Discussion Questions
1. Stewart O’Nan chooses to begin West of Sunset, not with Scott’s arrival in Hollywood, but with a meeting between Scott and Zelda. What does his story gain from this subtle and interesting choice?
2. O’Nan uses a variety of details to evoke the madness and absurdity of Hollywood culture. What images did you find most effective in this regard, and why?
3. What is the significance of the novel’s title, and how does that title bear upon the ensuing action?
4. Based on what you have read in West of Sunset, do you consider F. Scott Fitzgerald a brave man, a coward, or a bit of both? Explain your reaction.
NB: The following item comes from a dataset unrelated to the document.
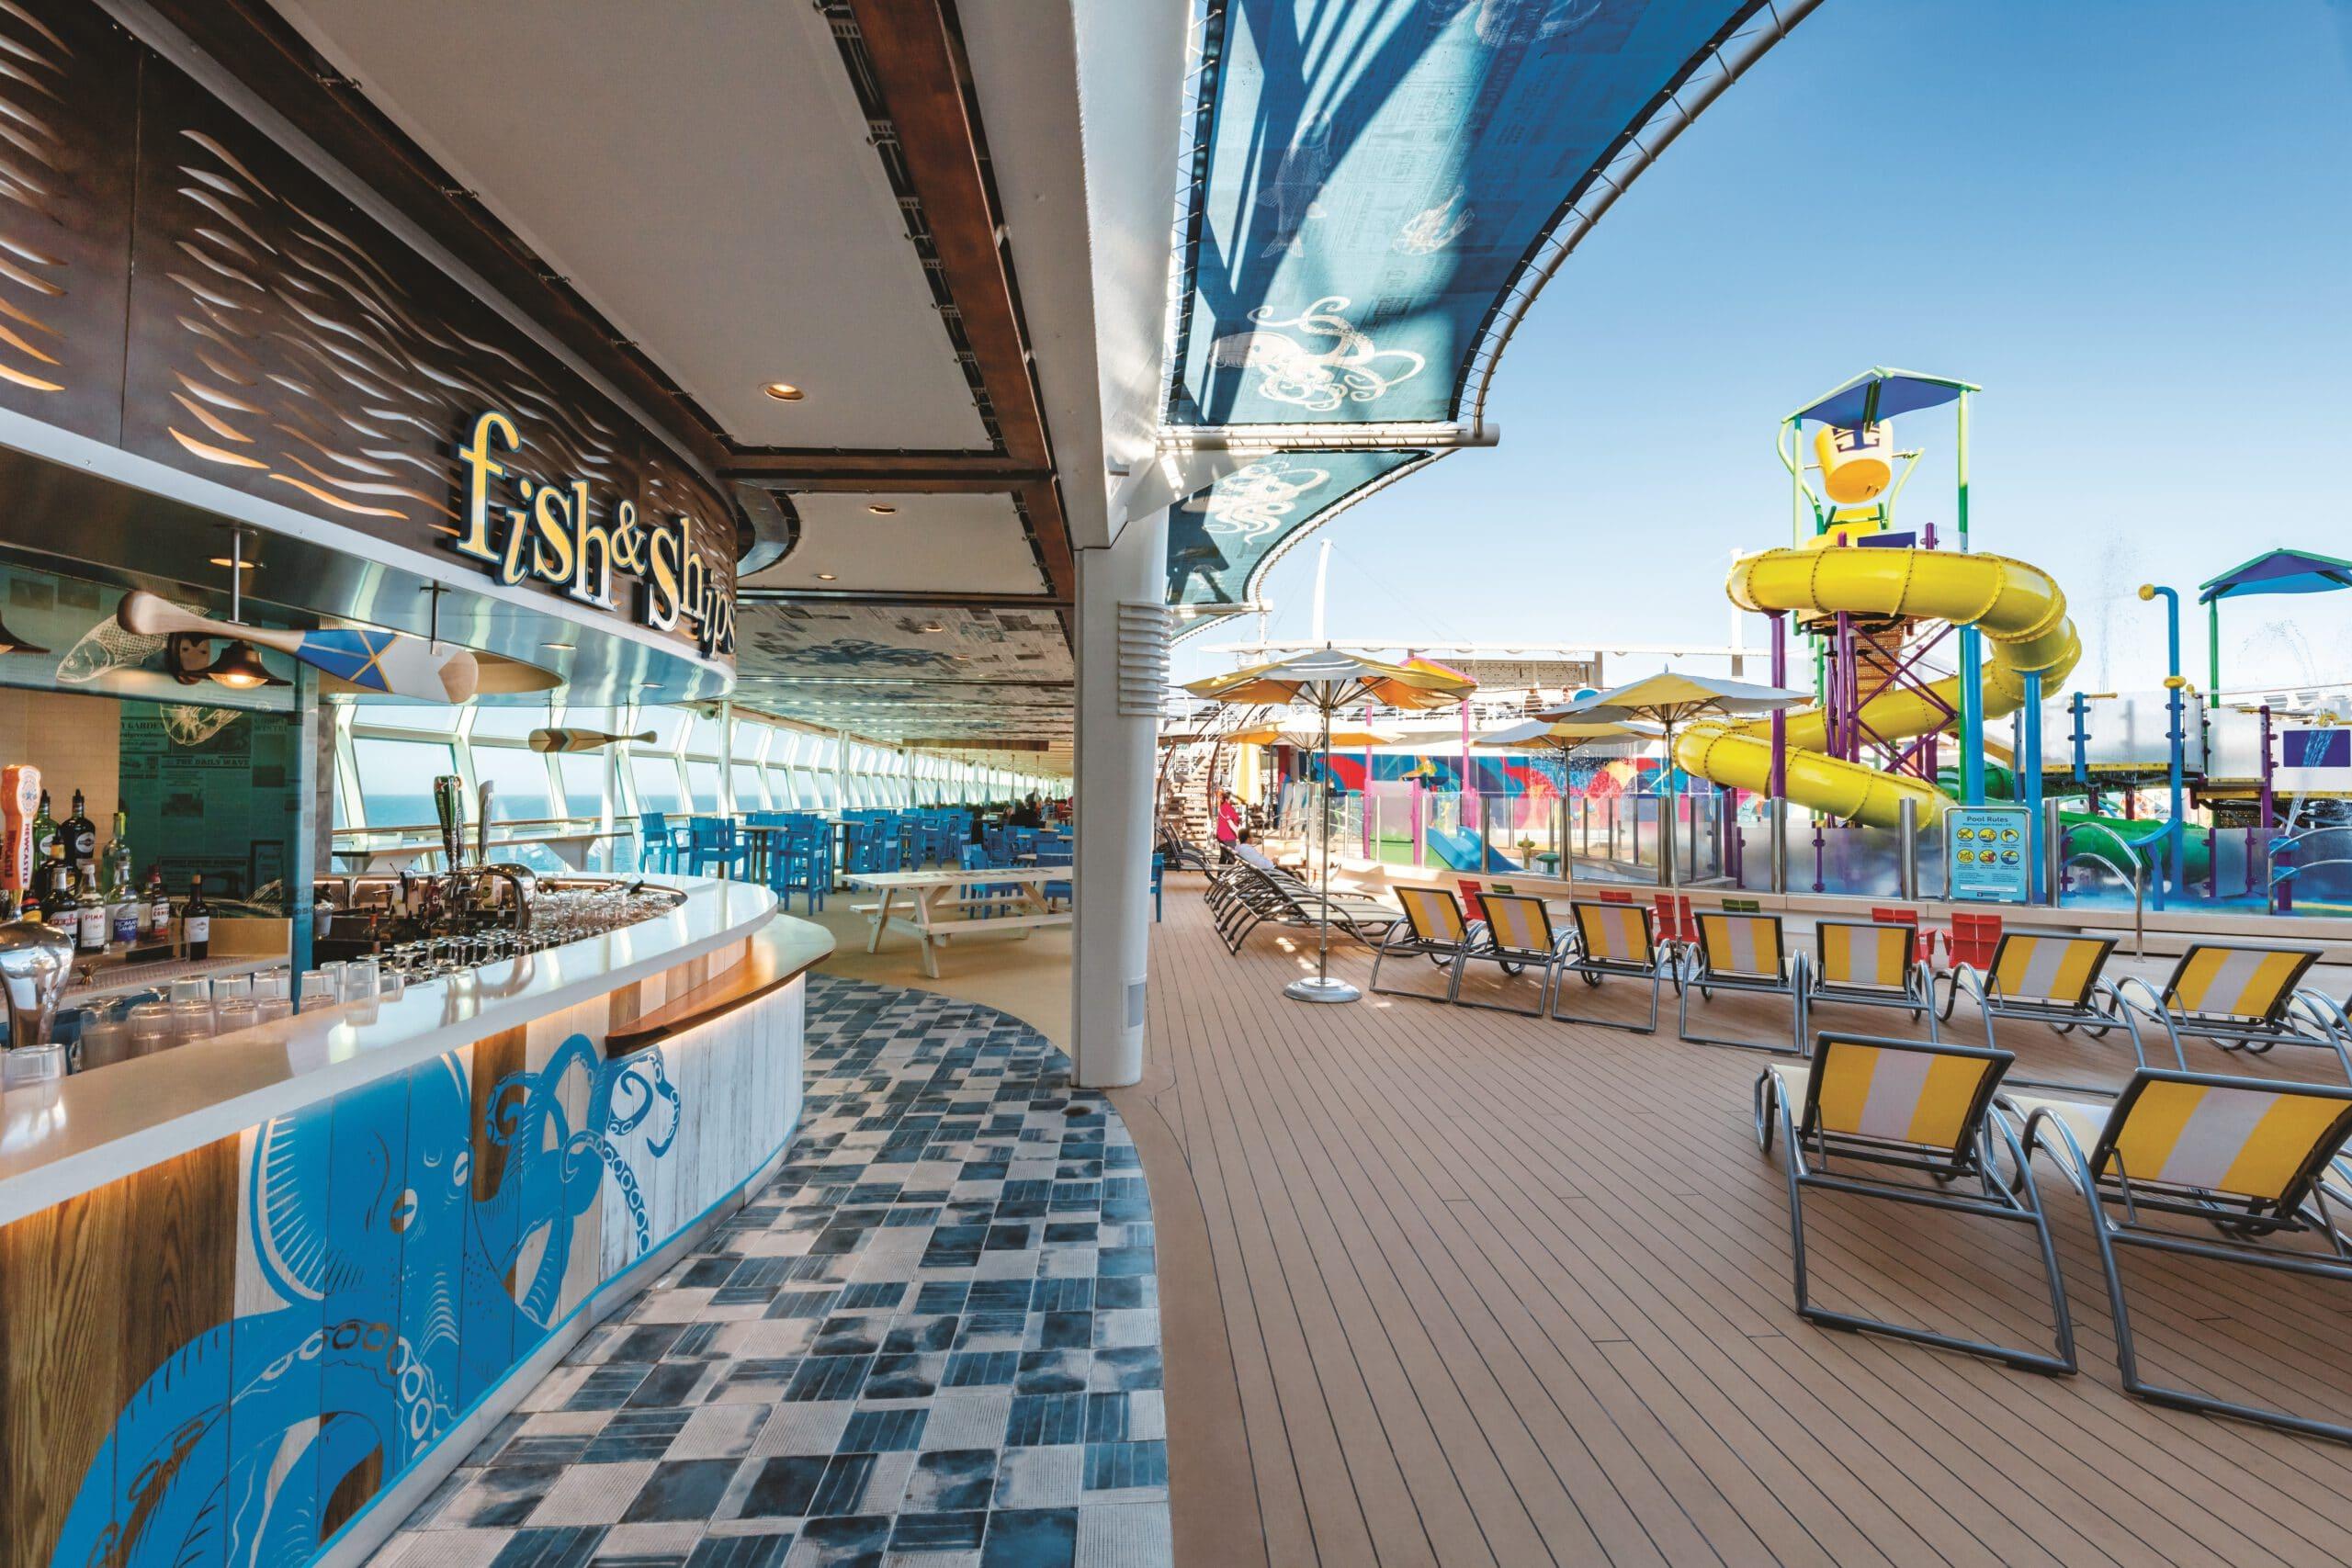 Cruiseschip-Independence of the Seas-Royal Caribbean International-Fish&Ships/Pool Deck

5. Some have seen West of Sunset as, above all, a love story. If this is correct, who or what is the true object of Scott’s love: Zelda? Sheilah? Himself? Someone or something else? Discuss your answer.
6. O’Nan writes of Fitzgerald, "He was a poor boy from a rich neighborhood, a scholarship kid at boarding school, a Midwesterner in the East, an easterner out West" (pg. 208). Do you accept the idea that a Princeton man who is friends with Hemingway, Bogart, and Dorothy Parker can still claim to be an outsider? Why or why not?
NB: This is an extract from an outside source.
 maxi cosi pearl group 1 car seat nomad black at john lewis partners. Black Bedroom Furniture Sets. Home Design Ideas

7. Fitzgerald wonders whether he has mistaken oblivion for joy (pg. 166). How is it possible to confuse the two?
8. In West of Sunset, Fitzgerald, a superb novelist and sparkling writer of short stories, tries to make it as a screenwriter, an artistic milieu in which he seems desperately out of water. Why, apart from money, does he attempt this seemingly doomed transformation? Why might a writer who is so successful in one idiom fail so miserably in another?
9. The real Fitzgerald once wrote, "The two basic stories of all times are 'Cinderella' and 'Jack the Giant Killer'—the charm of women and the courage of men." Was he correct? Does O’Nan's novel undermine or confirm Fitzgerald’s statement?
10. In West of Sunset, Hemingway accuses Fitzgerald of betraying his gift. Is it his gift that Scott most significantly betrays, or someone or something else? What?
11. What do you think is Stewart O’Nan’s most penetrating insight into the life of a professional writer?
12. Compare Zelda and Sheilah. What does each woman represent in Fitzgerald’s life? Why does he seem to need them both?
13. Imagine that you are Scottie Fitzgerald. What would you most want from your parents that they are not giving you? Would there be anything you could do to try to get it?
14. Fitzgerald, a Midwesterner by birth, seems caught between the American East and the American West. What does each offer that the other denies him, and in which of the two places does he more naturally belong? Why?